Sahm Adrangi’s Kerrisdale Capital has trained its sights on Principia Biopharma, arguing the pipeline of the Sanofi partner is “worthless.” The short seller thinks Principia’s approach to the treatment of autoimmune diseases is “misguided” and likely to lead to clinical failures.
Principia’s pipeline is built upon the idea of using BTK inhibitors to curb B-cell attacks against healthy tissues. BTK inhibitors have already established themselves in the treatment of B-cell malignancies, driving interest in whether they work in autoimmune diseases driven by the same cell type. Principia thinks they can, and, after getting a look at early phase data last month, more investors have bought into the idea, sending the stock up sharply.
Kerrisdale, a short seller that has previously attacked Bavarian Nordic and Proteostasis Therapeutics, thinks Principia and the investors that back it are wrong. That position is partly based on analyses of the clinical data generated to date that, in Kerrisdale’s view, paint a bleak picture of the prospects of Principia’s pipeline.

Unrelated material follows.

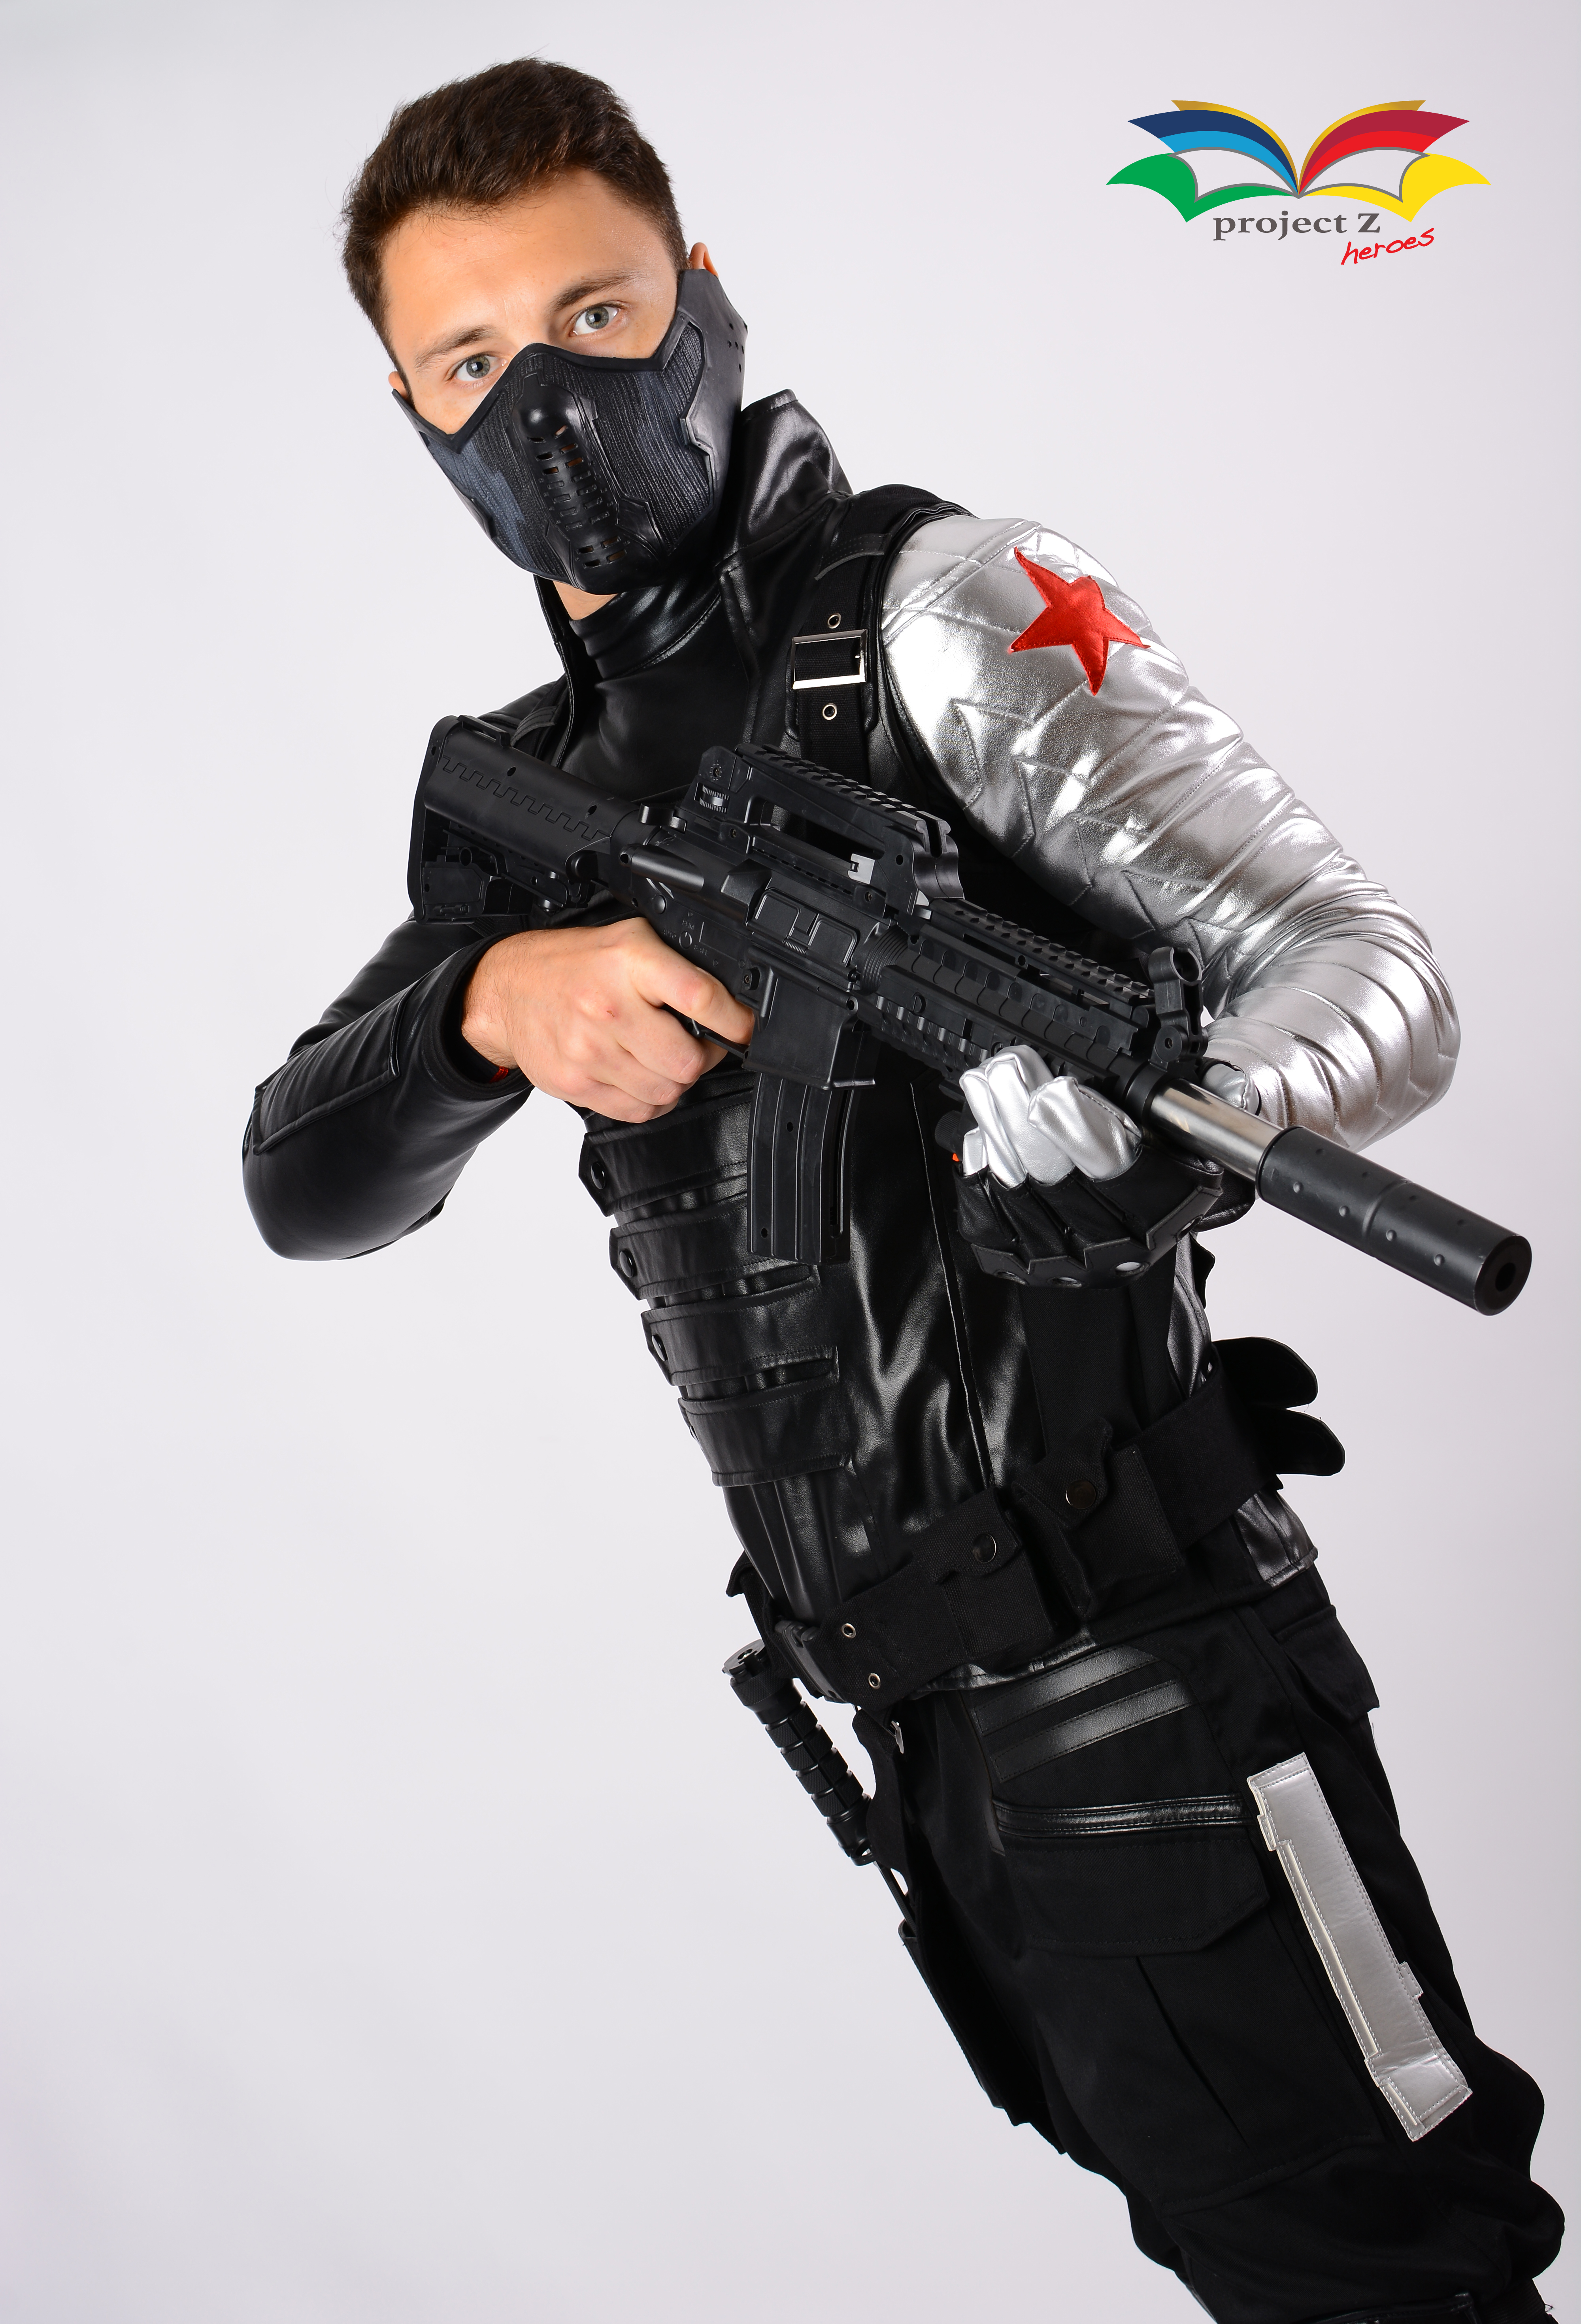 Winter Soldier costume halfbody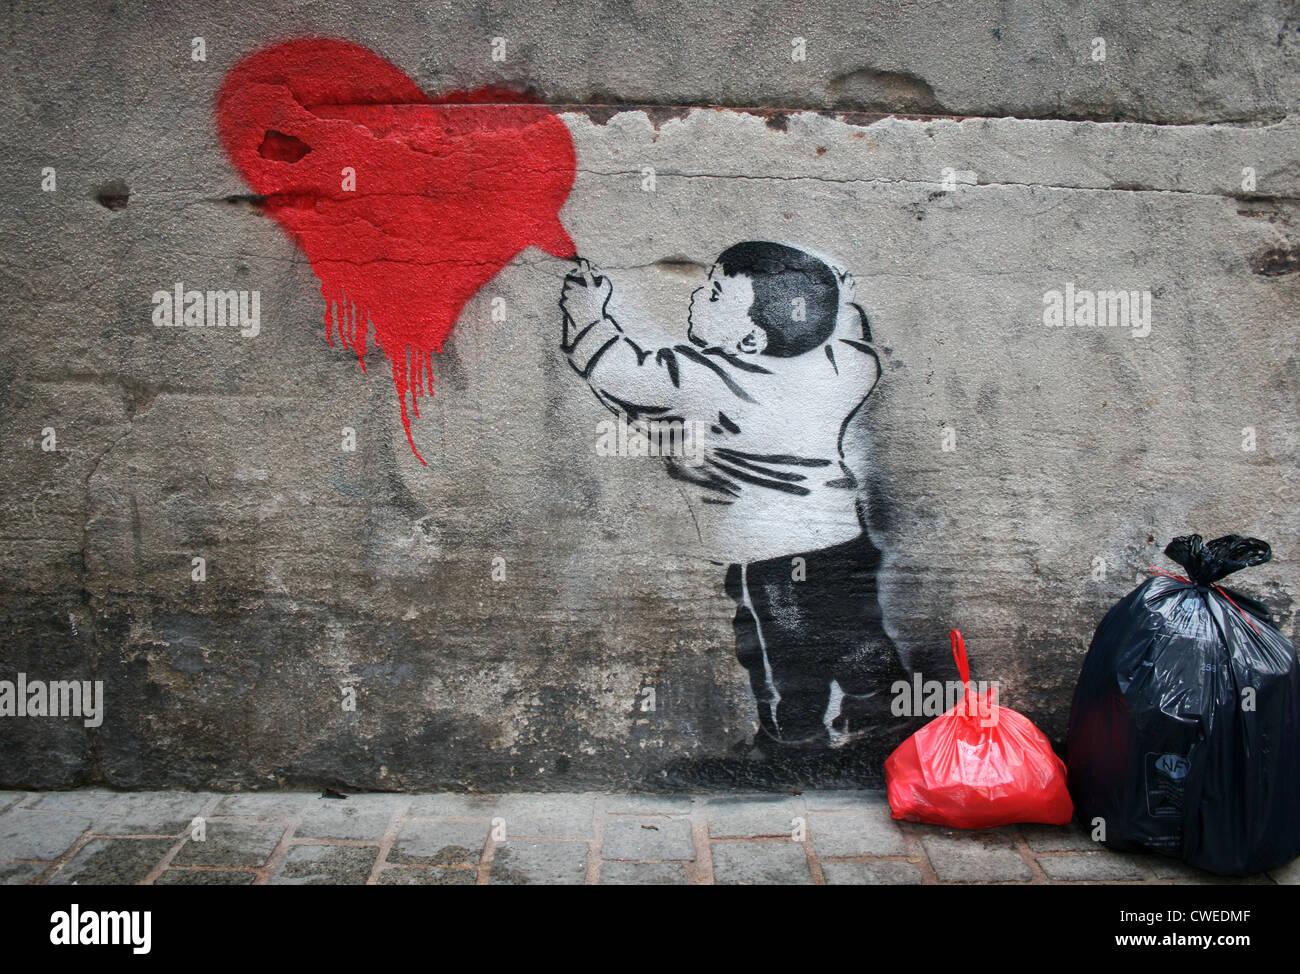 La pulvérisation,coeur,graffiti,streetart Photo Stock

“Those small trials included no placebo groups and allowed patients to continue taking other medications that are known to be effective in treating their conditions. Examined with this massive confounding factor in mind, Principia’s BTK inhibitors appear to add no value to the traditional standard of care and to pale in comparison to newer therapies,” Kerrisdale wrote in its report.
Kerrisdale backed up its dissection of Principia’s data with an analysis of the broader concept of using BTK inhibitors to treat autoimmune diseases. The analysis details the failed attempts of companies including Bristol-Myers Squibb, Gilead and Roche to develop BTK inhibitors for use in autoimmune diseases. The failures led Kerrisdale to conclude BTK inhibitors are ineffective in autoimmune diseases as they fail to reduce the existing B-cell populations that attack healthy tissues in sufferers.
The Kerrisdale report also addresses Principia’s prospects in multiple sclerosis, an indication in which it is closing in on midphase data. As Kerrisdale sees it, Principia’s Sanofi-partnered multiple sclerosis drug has “a mode of action that seems irrelevant to the etiology of MS,” again citing the failure to tackle existing B cells to explain its reasoning.
Principia has readouts coming up that could shed light on the merits of Kerrisdale’s arguments. Yet, Kerrisdale expects the phase 2 multiple sclerosis trial to offer few firm conclusions, claiming the study “seems almost designed to be confusing and inconclusive.”